[HN Gopher] Faster interpreters in Go: Catching up with C++
___________________________________________________________________
Faster interpreters in Go: Catching up with C++
Author : ksec
Score : 227 points
Date : 2025-04-05 17:59 UTC (1 days ago)
(HTM) web link (planetscale.com)
(TXT) w3m dump (planetscale.com)
| hinkley wrote:
| Compiling queries is one of those things that is both Make it
| Right and Make it Fast.
|
| Because bind variables and Prepared Statements go hand in hand,
| you want to do everything you can to coax your users into doing
| the right thing. If each unique query has to be compiled before
| first use, that's an extra inducement to using prepared
| statements properly.
| rockwotj wrote:
| The resulting VM implementation reminds me of this post from
| cloudflare where they similarly use closures to build their
| interpreter.
|
| https://blog.cloudflare.com/building-fast-interpreters-in-ru...
| cosmos0072 wrote:
| Compiling an expression to a tree of closures, and a list of
| statements to a slice of closures, is exactly how I optimized
| [gomacro](https://github.com/cosmos72/gomacro) my Go interpreter
| written in go.
|
| There are more tricks available there, as for example unrolling
| the loop that calls the list of closures, and having a `nop`
| closure that is executed when there's nothing to run but
| execution is not yet at the end of the the unrolled loop.
| ALLTaken wrote:
| Impressive!

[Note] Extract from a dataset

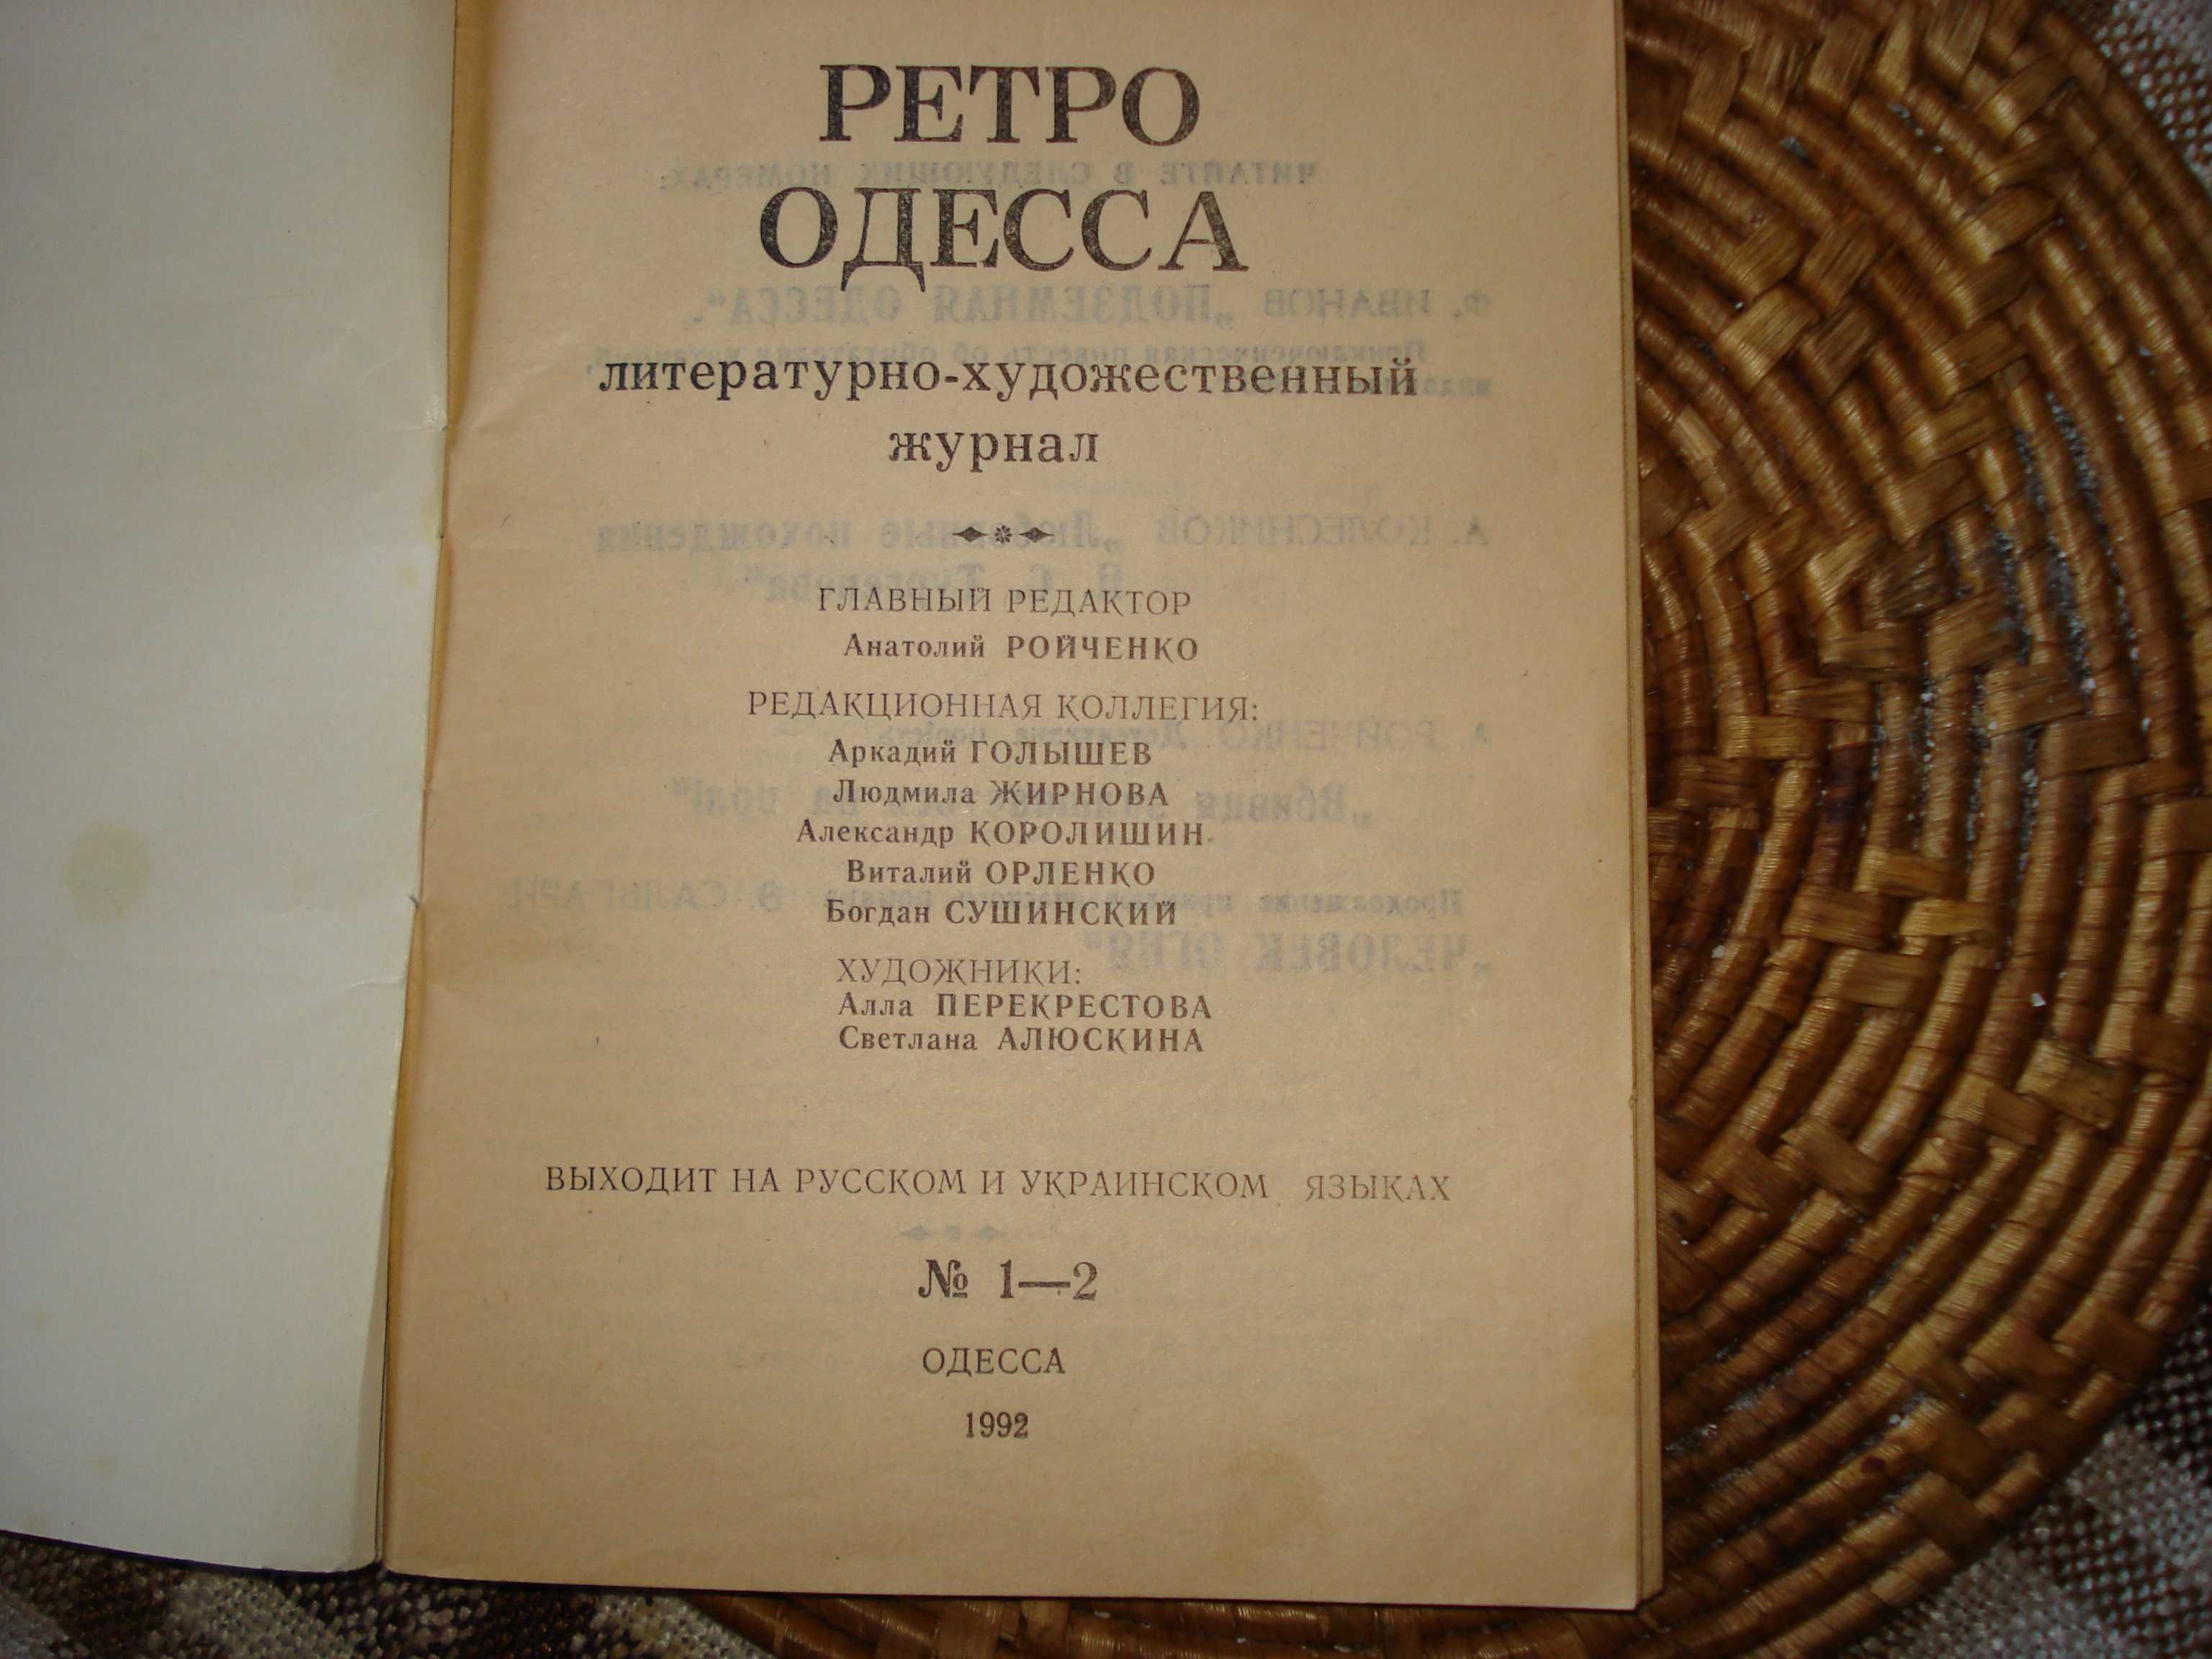 Книга "Ретро Одесса". Экскурсоводам и любознательным гражданам.)

I would love to learn howto implement that in
| Julia. Could you help me understand how you did that?
|
| I'd love to see, if it's possible to create a libc-free,
| dependency-free executable without Nim (https://nim-lang.org/).
| cosmos0072 wrote:
| The core idea is simple: do a type analysis on each
| expression you want to "compile" to a closure, and
| instantiate the correct closure for each type combination.
|
| Here is a pseudocode example, adapted from gomacro sources:
|
| https://gist.github.com/cosmos72/f971c172e71d08030f92a1fc5fa.
| ..
|
| This works best for "compiling" statically typed languages,
| and while much faster than an AST interpreter, the "tree of
| closures" above is still ~10 times slower that natively
| compiled code. And it's usually also slower than JIT-compiled
| code
| stevekemp wrote:
| I put together this example after reading the article:
|
| https://github.com/skx/simple-vm
|
| Simpler than the full gomacro codebase, but perhaps helpful.
| cosmos0072 wrote:
| For optimal speed, you should move as much code as possible
| _outside_ the closures.
|
| In particular, you should do the `switch op` at
| https://github.com/skx/simple-
| vm/blob/b3917aef0bd6c4178eed0c... outside the closure, and
| create a different, specialised closure for each case.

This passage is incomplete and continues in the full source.